Разве он не стал знаменитым великим визирем, в частности, потому, что правил при трех султанах! Кто еще мог похвастать этим? Редко встречались визири, которым удавалось пережить смену султанов, а что уж говорить о том, что он выдержал трех! Каждая смерть исходила от верховного правителя: разве каждый султан после восшествия на престол не поступал по неписаному закону, убивая поначалу родных братьев (а кое-кто и собственных детей), чтобы они самим своим существованием не подвергали сомнению его власть?
Было бы неправильным утверждать, что он ждал своей смерти. Просто она не удивила его. О самой смерти он знал все: вряд ли можно было найти кого-то, кто превзошел бы его в знаниях ее причин и последствий, видах и способах.
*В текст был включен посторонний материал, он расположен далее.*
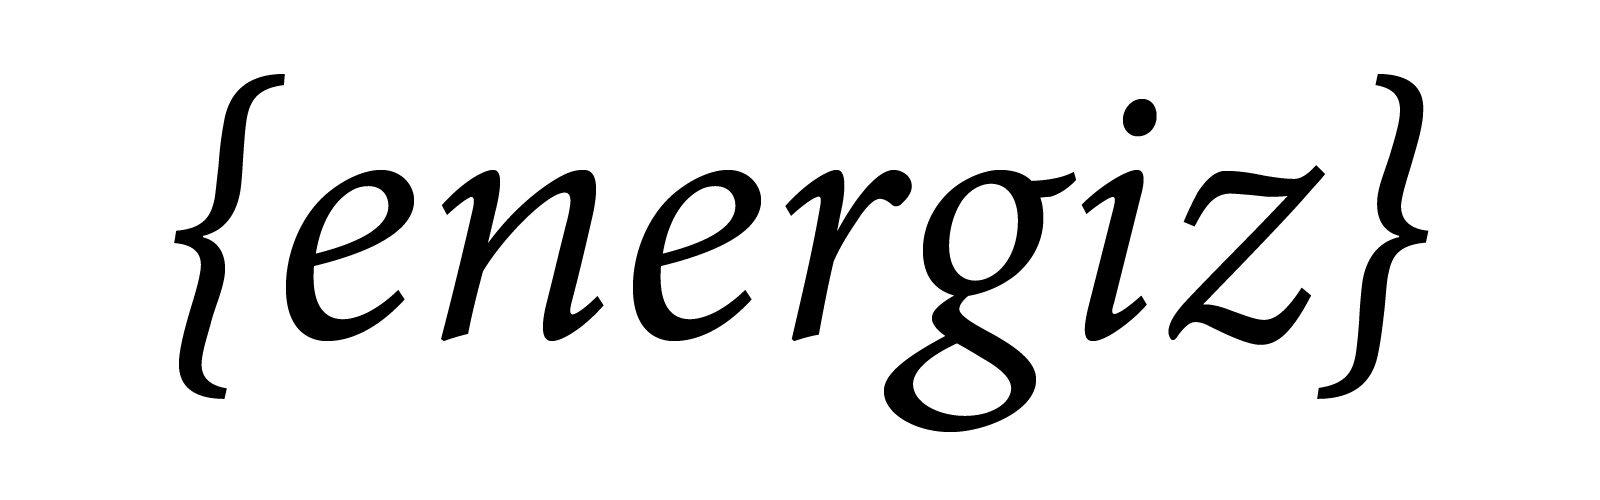 energiz logo
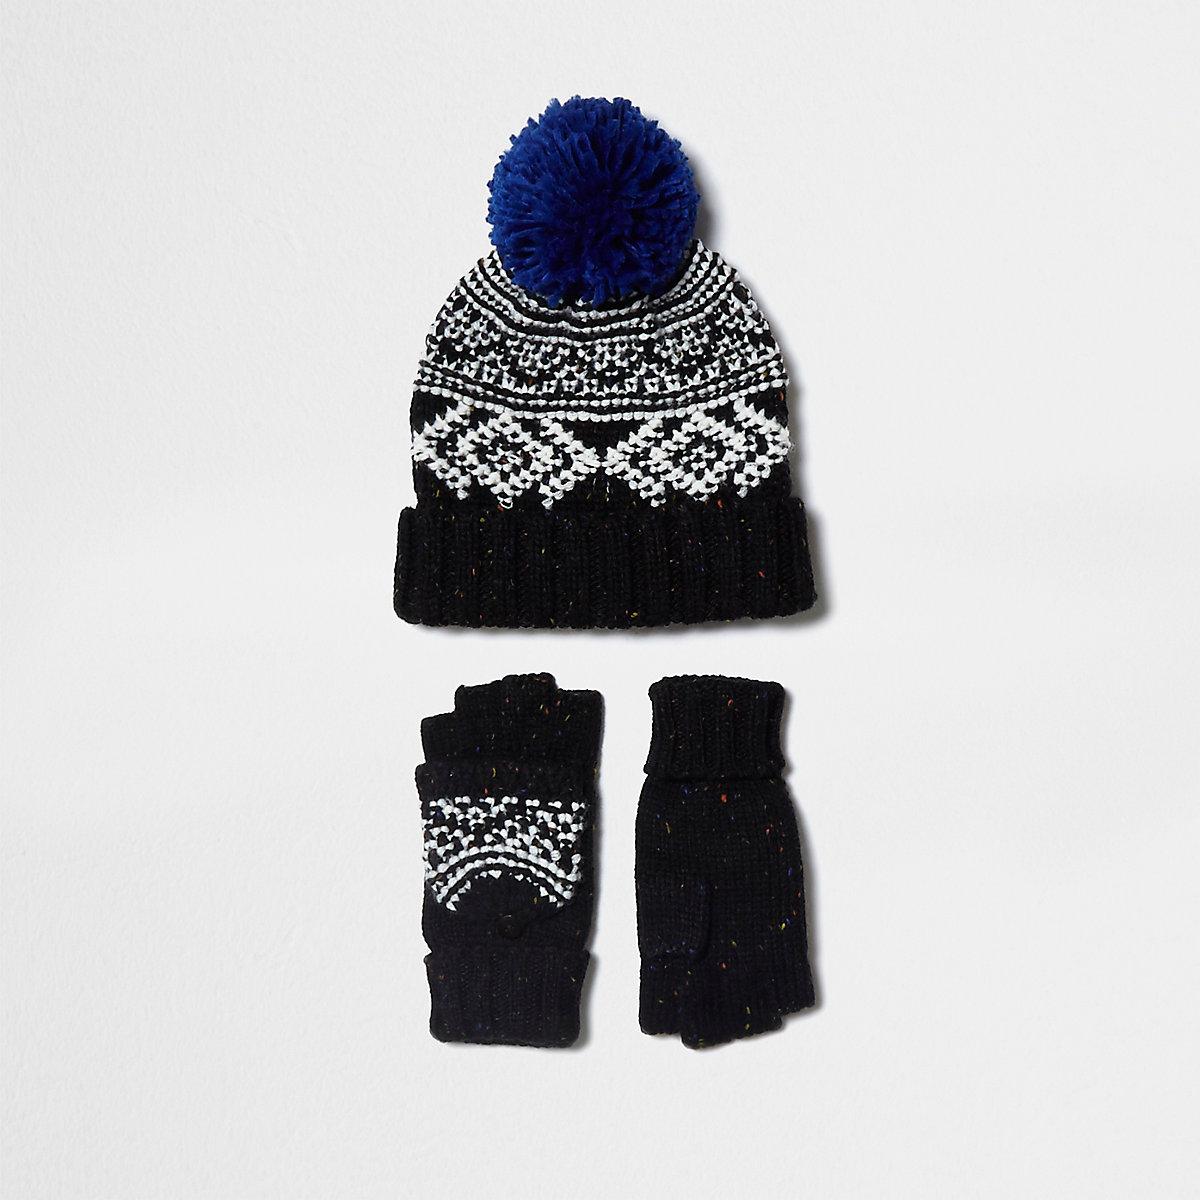 16079816ffde9 Boys black Fairisle hat and mittens set - Accessories - Sale - boys

Возможно, он не блистал в вопросах ее целесообразности: не было ни такого учителя, ни властелина, который бы посвятил его в такие тайны, потому что они сами никогда не задавались вопросами ее необходимости.
«Возжелать» смерть не означало «страдать» по ней. Желание помогло ему спокойно дождаться неминуемого. Оно избавило его от излишнего недоумения.
Впрочем, теперь все перестало быть важным, и в первую очередь то, что требовало дополнительного времени на размышление. Времени теперь не было ни для чего. Кроме смерти.
Самое начало
Поскольку я сам себе (только мне известным способом) доказал, что как писатель еще не иссяк, то действительно смог начать борьбу с целью решения проблемы: к написанию какой из трех задуманных книг приступить в первую очередь? Две другие задуманные книги упоминать не буду, потому что, как видите, я уже начал писать эту, которая победила. Конечно, решению в ее пользу способствовали тонкие причины, поскольку я и для двух других будущих книг из упомянутого списка уже опубликовал серьезные и объемистые предварительные статьи, без которых невозможно начинать сочинительство.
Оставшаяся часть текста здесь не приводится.